Havana’s Vedado District Houses and Buildings (+50 photos)
Photo feature by Irina Pino
HAVANA TIMES – I was born in Havana’s El Vedado district, but I moved to the Playa municipality in 1996. However, when I walk through its streets, I realize that Vedado is deeply rooted in my life. I feel sad seeing it so destroyed, with felled trees, garbage on the corners, houses in poor condition, and some even uninhabited.
Its cosmopolitan character makes it unique, for its cinemas, theaters, hotels, restaurants, and parks. There is no lack of seascape along the Malecon boardwalk.
You can walk avoiding the sun through its streets with abundant trees. It is pleasant to look at the houses with their gardens, to smell their freshness.
The architecture is eclectic, of various styles, with old buildings twinned with modern ones. It is not boring at all. You can find a building from the early 20th century and another from the 1950s, on the same block.

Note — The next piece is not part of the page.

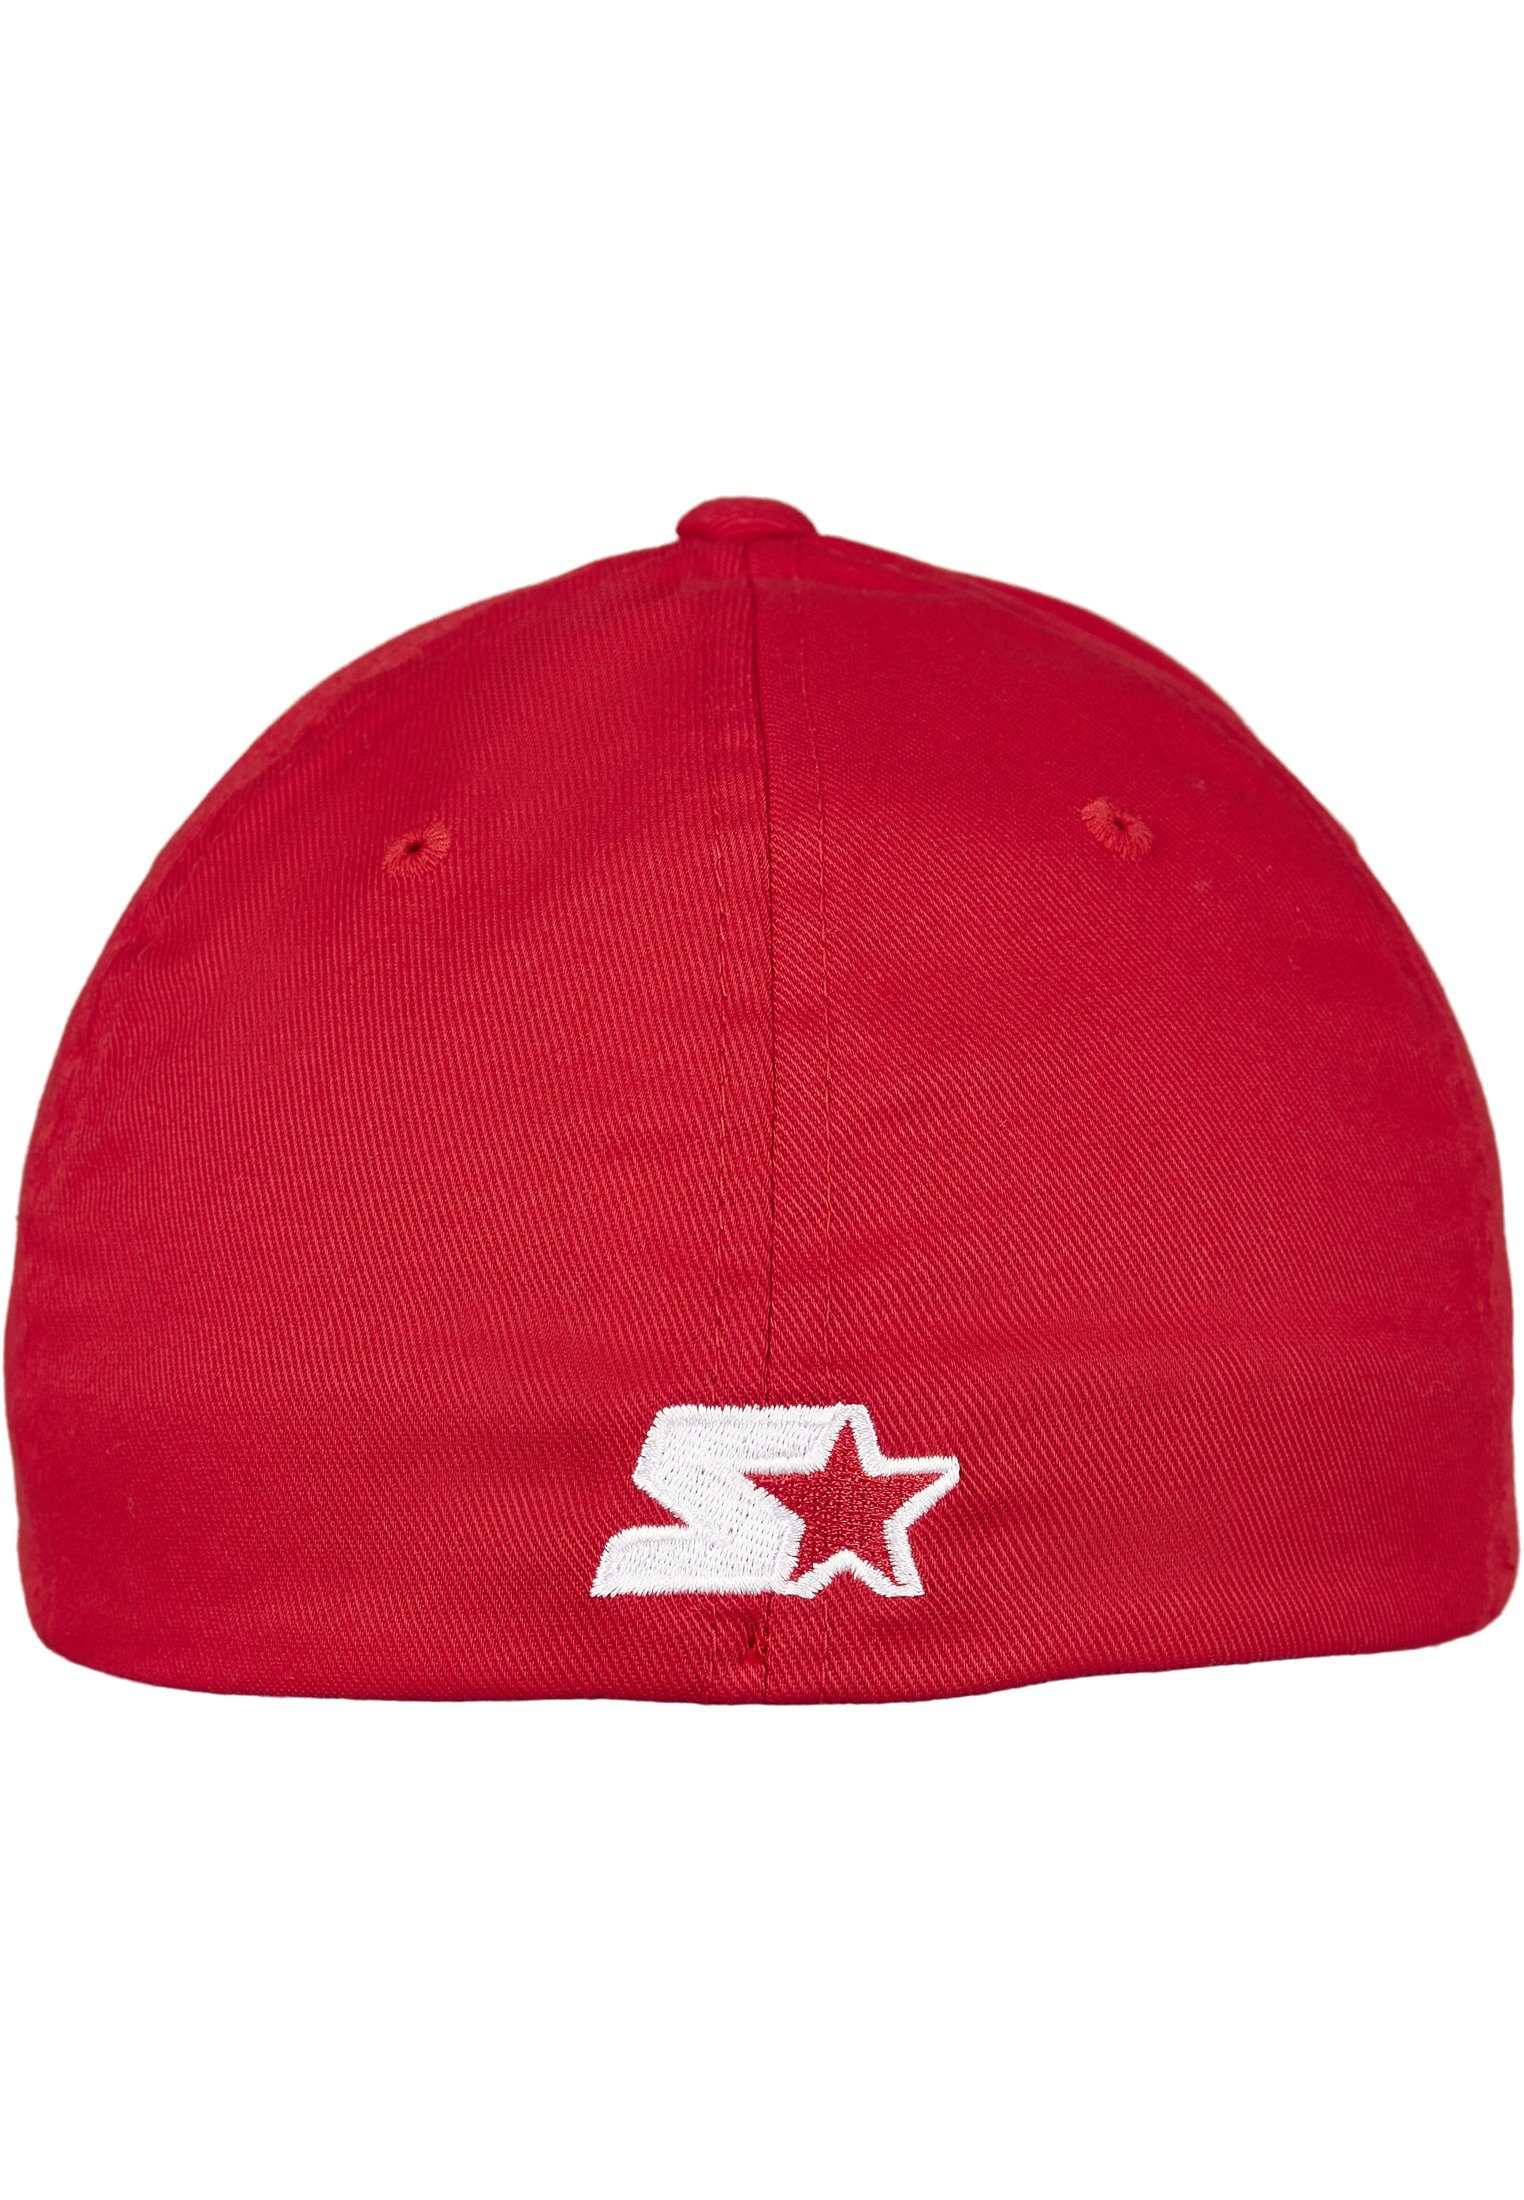 Flexfit Black Cap Cap Flex Starter red Herren Starter Label Chicago

The belief still persists that the people who live there are well off. The reality is that there are families that have greater possibilities, but there is also poverty, people who live in divided up houses and tenements, with hardships and deficiencies.
Nothing is like it used to be, El Vedado has lost its splendor, urban planning has been transformed, with those tacky constructions, which is nothing more than the generational expansion of the family. Children grow up, get married, and then the grandchildren come, they grow up and they get married, and thus the original dwelling is deformed.
Many have put businesses on the portals: restaurants, bars and cafes. Few have the sobriety that the building requires, they seem more like appendages attached to the facades.
On the other hand, at night everything is sadder, the avenues are dark, even 23rd Street.
In spite of everything, given the choice, I would go back, I remember the music concerts, the movies I used to see in its cinemas, the plays, its nightclubs where I went with my lovers of the time, the times in the parks with my friends, and the early morning wandering through its lonely streets.
Definitely, my heart stayed in El Vedado.
The slow death of a nation and its beautiful capital by asphyxia between internal communism and the external embargo.
An excellent collection of very fine photographs !!
One of my favourite places to stay and walk through whenever I am in Cuba. It’s sad that some of the beautiful old buildings are falling apart and worse when they are replaced with new that do not compliment the aesthetic or character of the area, but still a wonderful and often overlooked part of the city.
Irina, thank you for sharing this interesting collection of intriguing buildings. You are right that the architecture in Vedado is quite eclectic!